There was a significant negative correlation between oxytocin levels at T4 and the participants’ willingness to meet PARO again (r = −0.46, p < 0.05).
The effect of the interaction with PARO on pain perception
A significant effect of condition (Baseline/Touch/No-Touch) was found in the PARO group (F2,62 = 4.33, p < 0.05) while no effect of condition (S1/S2/S3) was found in the control group (F2,20 = 1.16, p = 0.33). Post hoc tests revealed that in the PARO group there was a significant decrease in pain ratings from Baseline (1.4 ± 1.6) to the Touch condition (0.8 ± 1.4, t(62)=2.59, p < 0.05). No significant difference from Baseline was found at the No-Touch condition (1.1 ± 1.6, t(61)=1.74, p = 0.87, Fig. 7A). In other words, participants rated their pain sensation as significantly lower when touching the PARO robot, compared to Baseline pain ratings. When the robot was only co-present in the room with them, and there was no physical contact with it, their pain ratings were not significantly different from Baseline.

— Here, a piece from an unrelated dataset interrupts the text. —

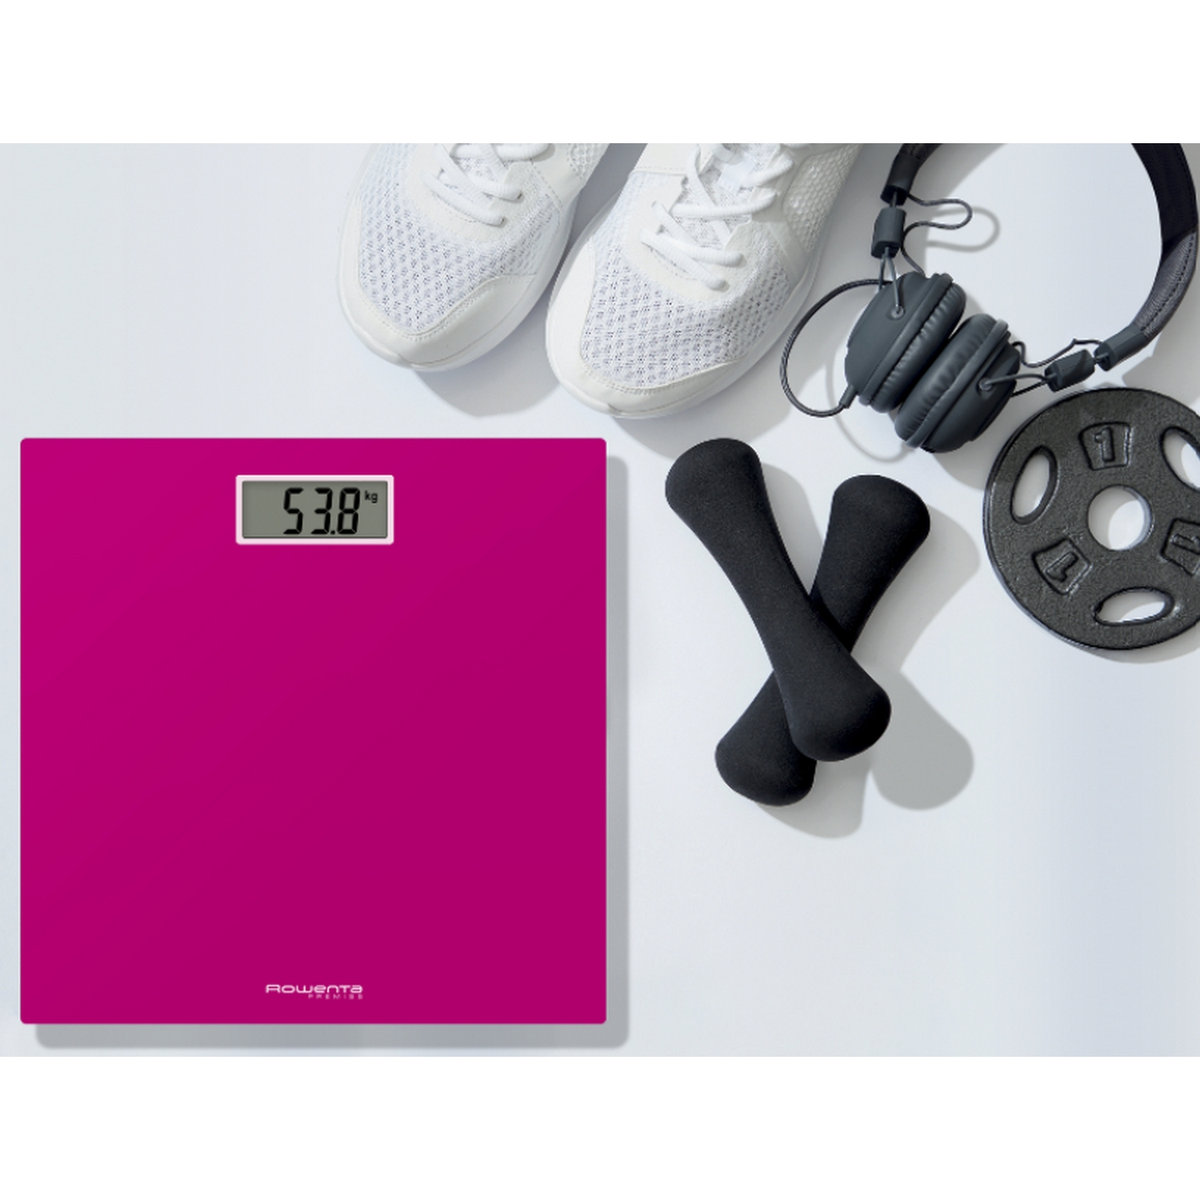 BS1403 ROWENTA scale Personal

The decrease in mild-pain ratings from Baseline to Touch condition in the PARO group was significantly correlated with the perceived pain-alleviating effect of PARO (r = −0.34, p < 0.005; see Table 2) and with the level of salivary oxytocin at T4 (r = 0.24, p < 0.05).
A significant effect of condition (Baseline/Touch/No-Touch) was found in the PARO group (F2,62 = 17.87, p < 0.0001). The effect of condition (S1/S2/S3) was also significant in the control group (F2,20 = 7.78, p < 0.01). Post hoc tests revealed that in the PARO group there was a decrease in pain ratings from Baseline (5.1 ± 2.4) both to the No-Touch condition (4.1 ± 2.7, t(62)=3.44, p < 0.01) and to the Touch condition (3.1 ± 2.5, t(61)=6.23, p < 0.0001). The decrease in pain ratings was significantly greater in the Touch condition compared to No-Touch condition (t(61)=2.56, p < 0.01). In the control group, there was also a decrease in pain ratings from S1 (5.7 ± 2.7) to S2 (4.3 ± 3.2, t(19)=3.59, p < 0.05) and to S3 (4.8 ± 3.0, t(19)=2.64, p < 0.05). However, no significant difference was found between S2 and S3 (t(19)=1.51, p = 0.49, Fig. 7B).
The extent of the decrease in strong-pain ratings from Baseline to the Touch condition in the PARO group was significantly correlated with the participants’ perceived pain-alleviating effect of PARO (r = −0.33, p < 0.005), their positive feelings with respect to PARO (r = −0.31, p < 0.01) and the wish to meet PARO again (r = −0.37, p < 0.005; see Table 2).
High and low communication with PARO
In order to further investigate the effect of the interaction with PARO on emotions and pain perception, we divided the participants in the PARO group into high communicators (HC) and low communicators (LC). The division into the two groups was made using the median value of the perceived ability to communicate with PARO (4.7).
The mean communication ratings of HC (n = 31) and LC (n = 32) was 7.2 ± 1.9 vs. 2.1 ± 1.9 respectively (p < 0.0001; Fig. 8A). There was no significant difference between the subgroups in happiness ratings. However, oxytocin levels were lower in HC compared to LC. The difference between subgroups was significant at T1 (31.6 ± 13.4 pg/ml in LC and 26.4 ± 8.6 pg/ml in HC;t(61)=1.83, p < 0.05) and at T3 (28.6 ± 10.2 pg/ml in LC and 24.7 ± 7.0 pg/ml in HC;t(61)=1.75, p < 0.05; Fig. 8B). There was no difference between the HC and the LC in mild-pain ratings. However, the decrease in strong-pain ratings from Baseline to Touch condition was significantly greater in HC (2.5 ± 2.7) compared to LC (1.3 ± 1.8, t(61)=0.85, p < 0.05; Fig. 6C).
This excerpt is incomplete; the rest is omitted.